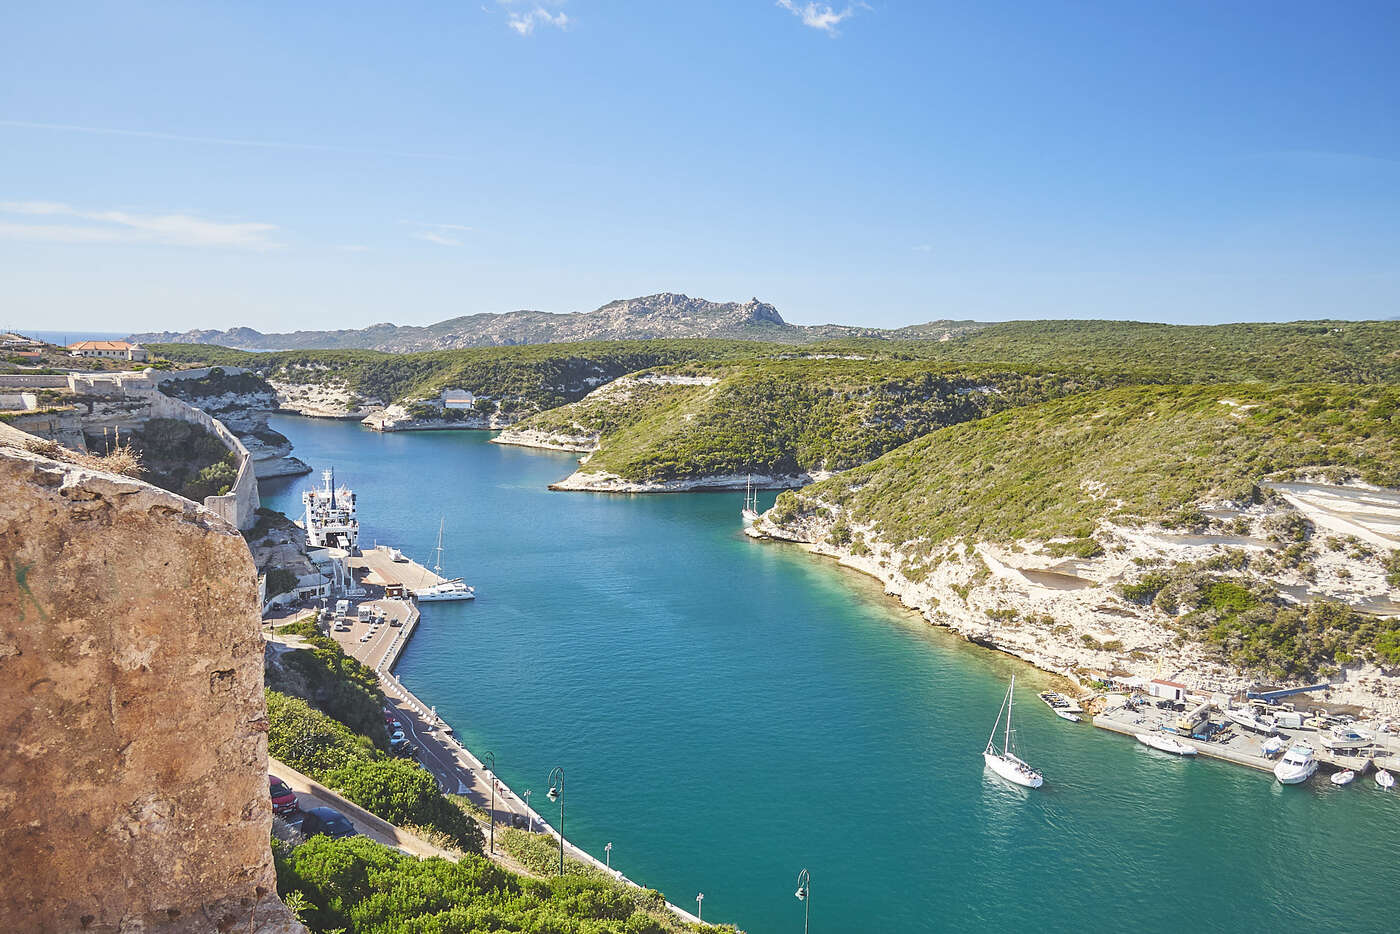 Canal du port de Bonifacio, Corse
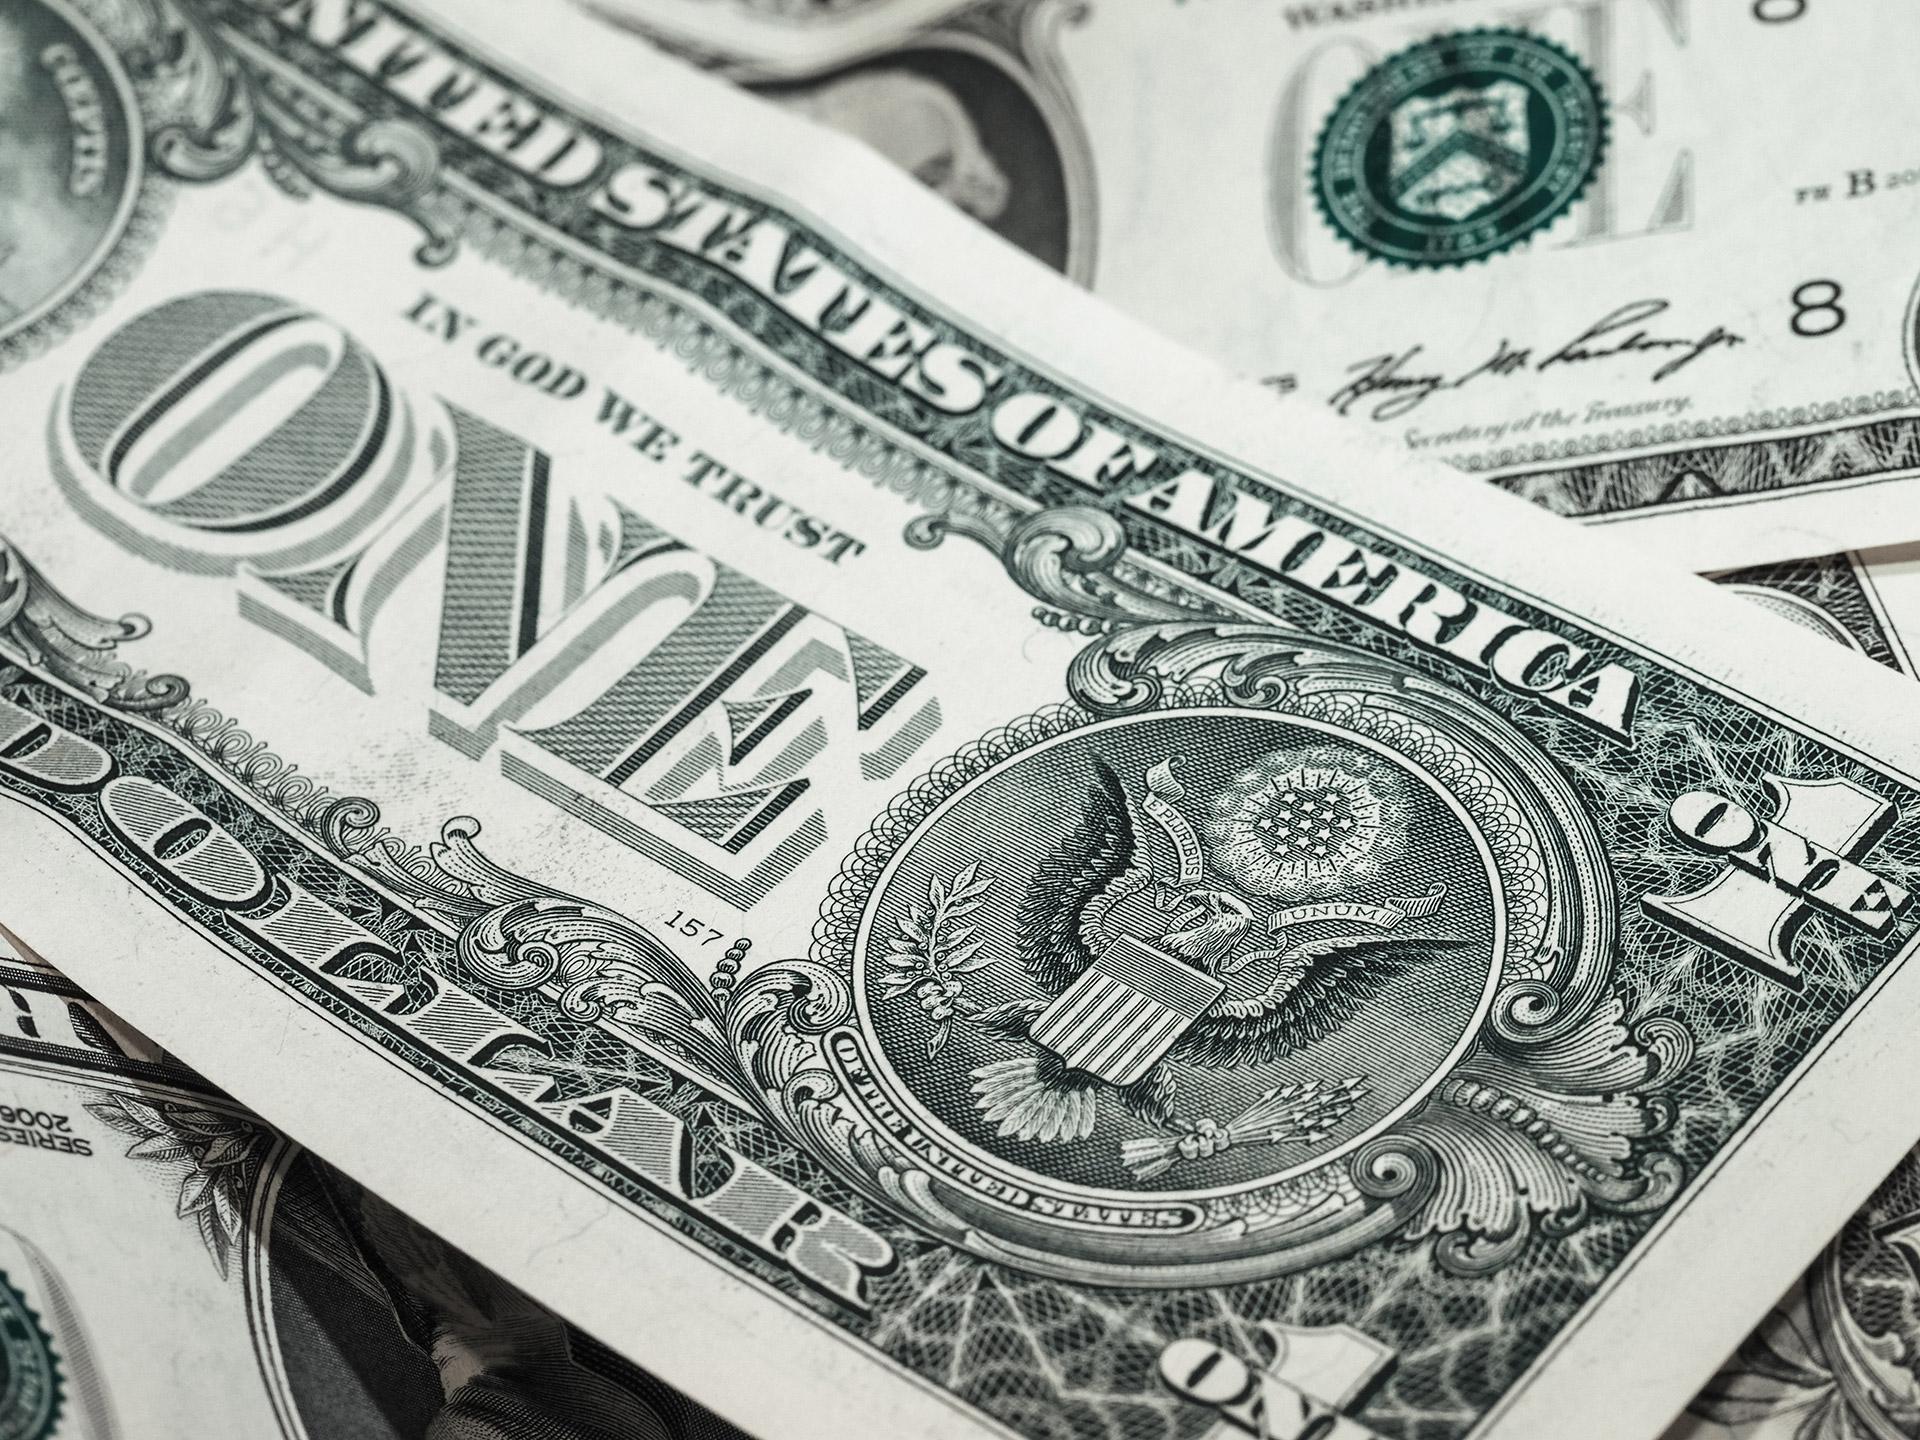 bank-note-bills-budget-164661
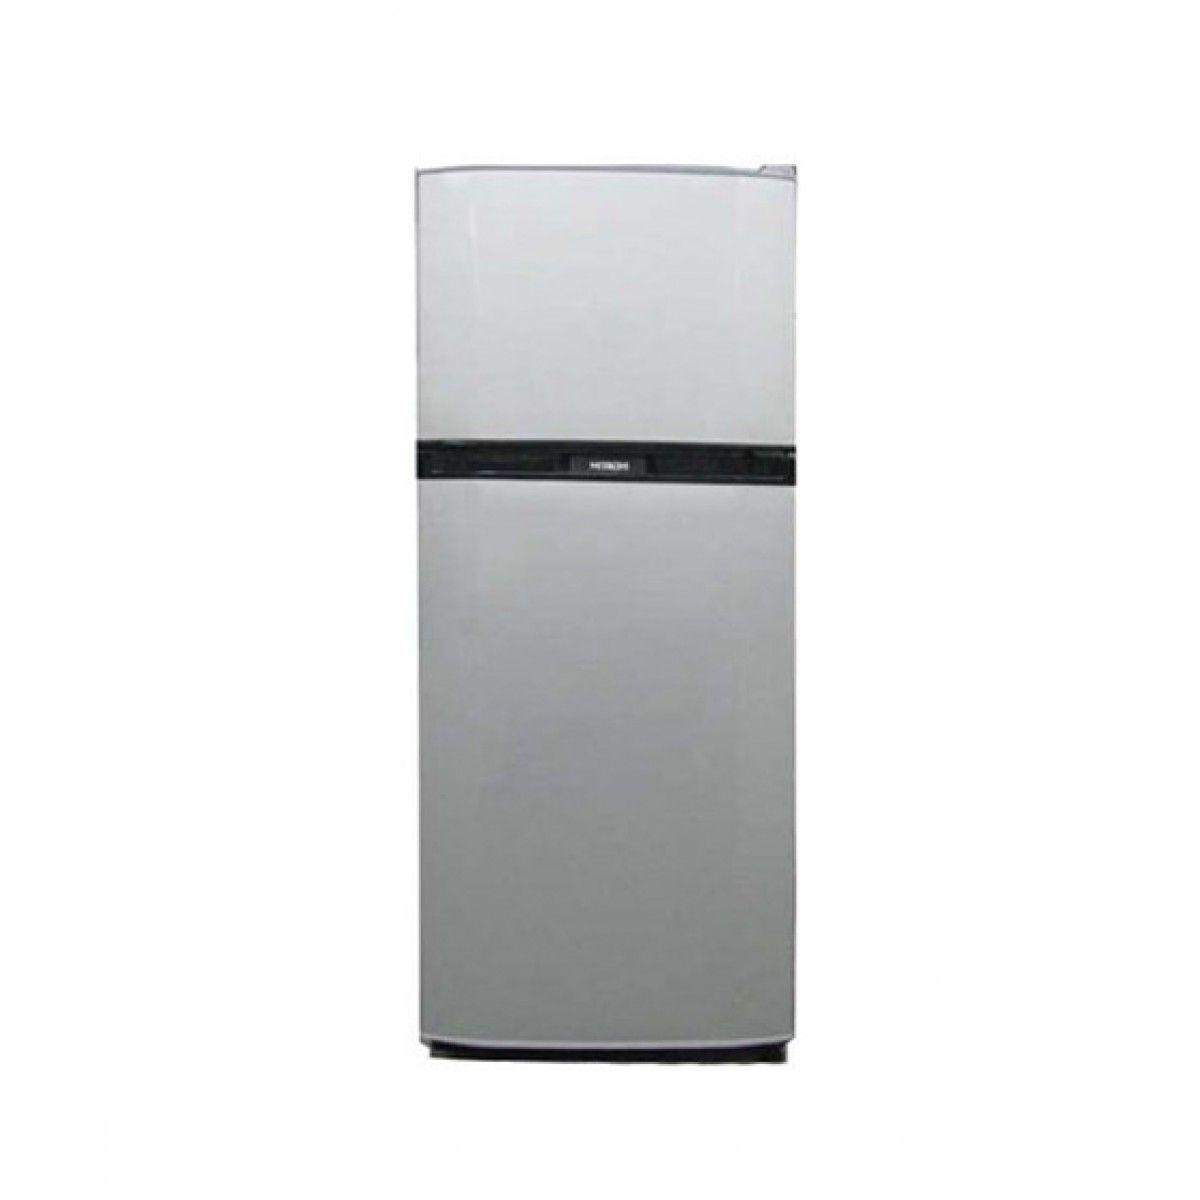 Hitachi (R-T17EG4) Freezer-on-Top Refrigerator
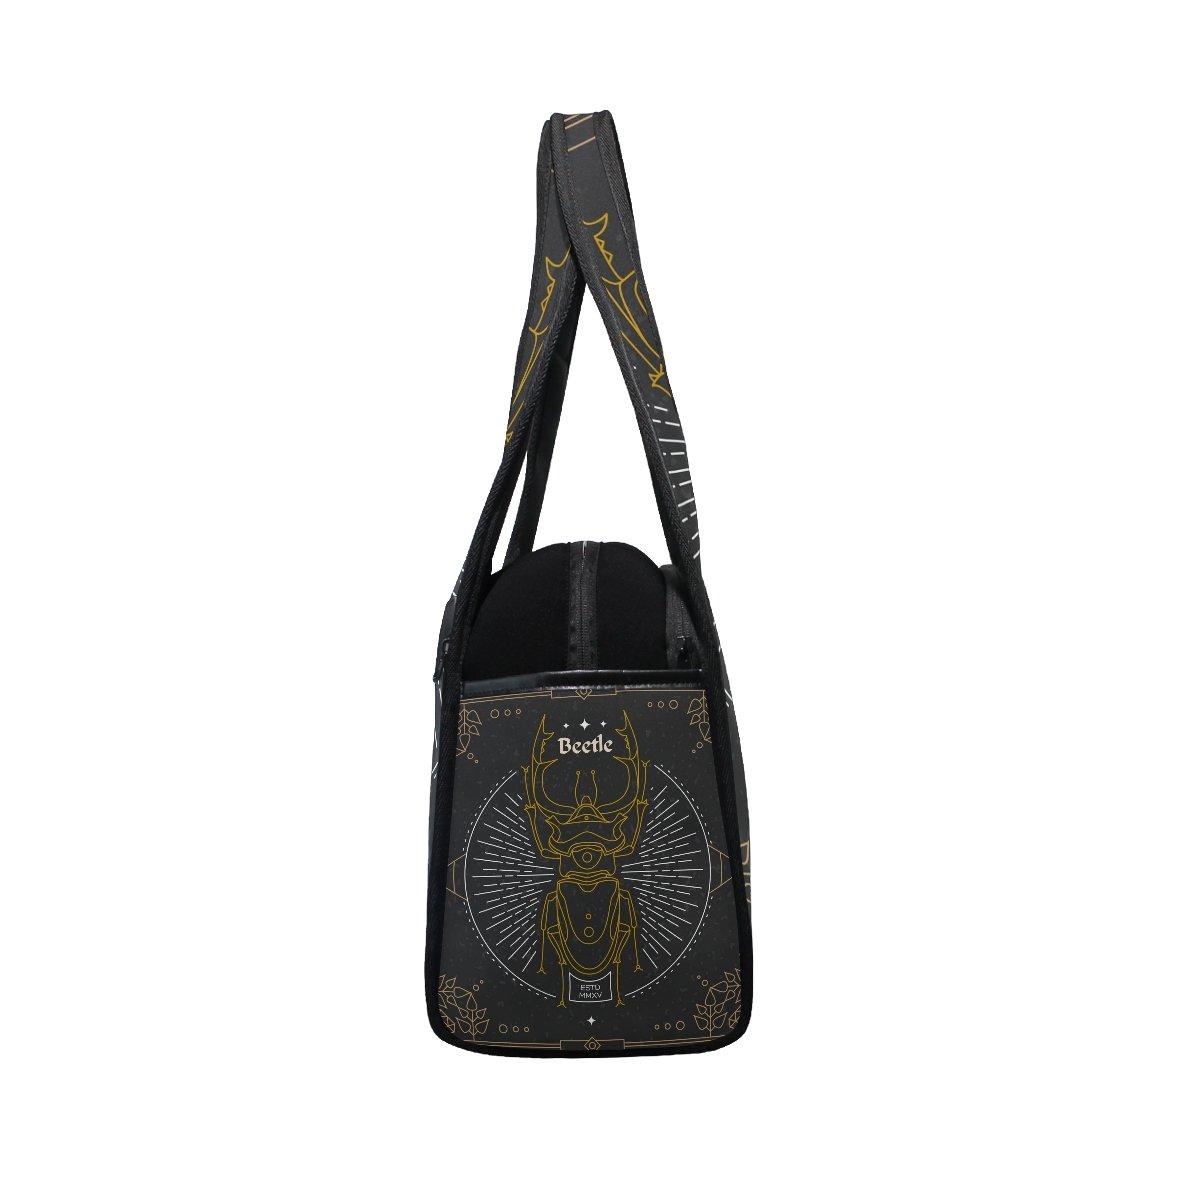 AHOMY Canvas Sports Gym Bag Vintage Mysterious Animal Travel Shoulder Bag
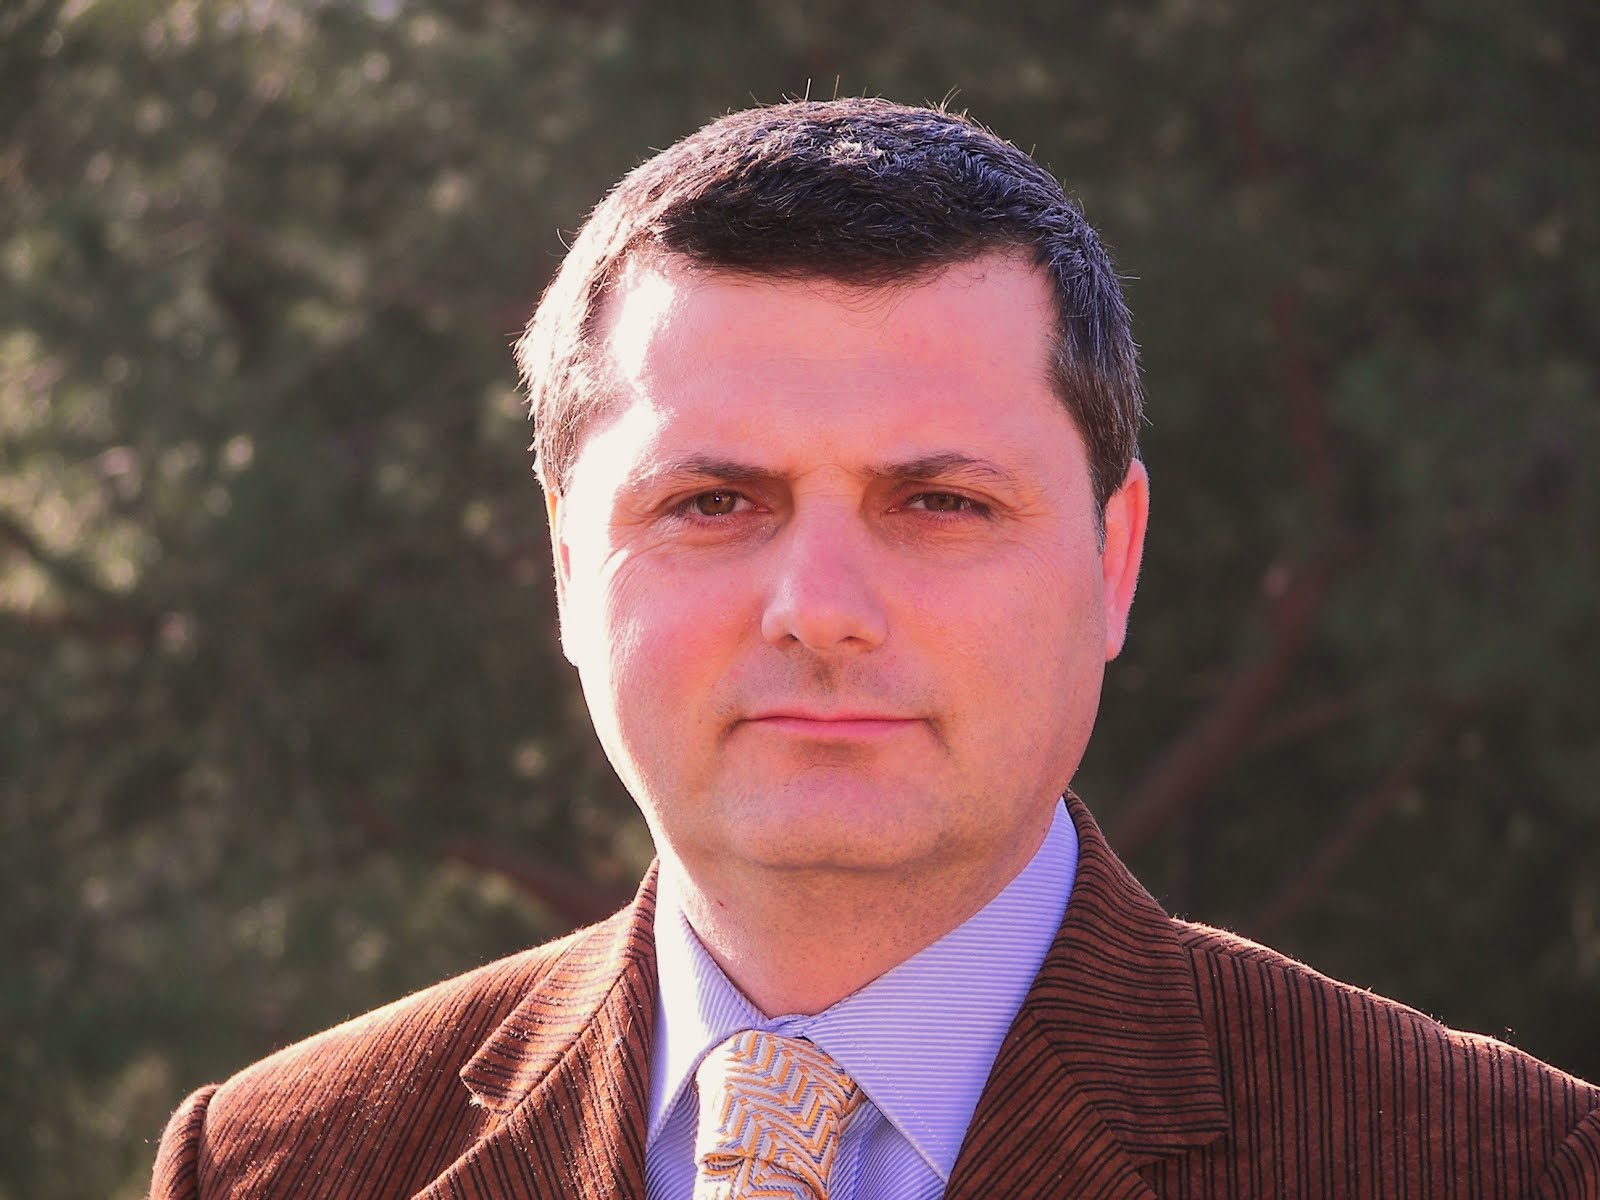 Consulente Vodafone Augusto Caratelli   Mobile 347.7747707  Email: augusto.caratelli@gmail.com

****************************************

TASK PROMPT ->
Reproduce each entry word for word and cut the images.

ANSWER FOR THIS EXERCISE ->
 Canal du port de Bonifacio, Corse
 bank-note-bills-budget-164661
 Hitachi (R-T17EG4) Freezer-on-Top Refrigerator
 AHOMY Canvas Sports Gym Bag Vintage Mysterious Animal Travel Shoulder Bag
 Consulente Vodafone Augusto Caratelli   Mobile 347.7747707  Email: augusto.caratelli@gmail.com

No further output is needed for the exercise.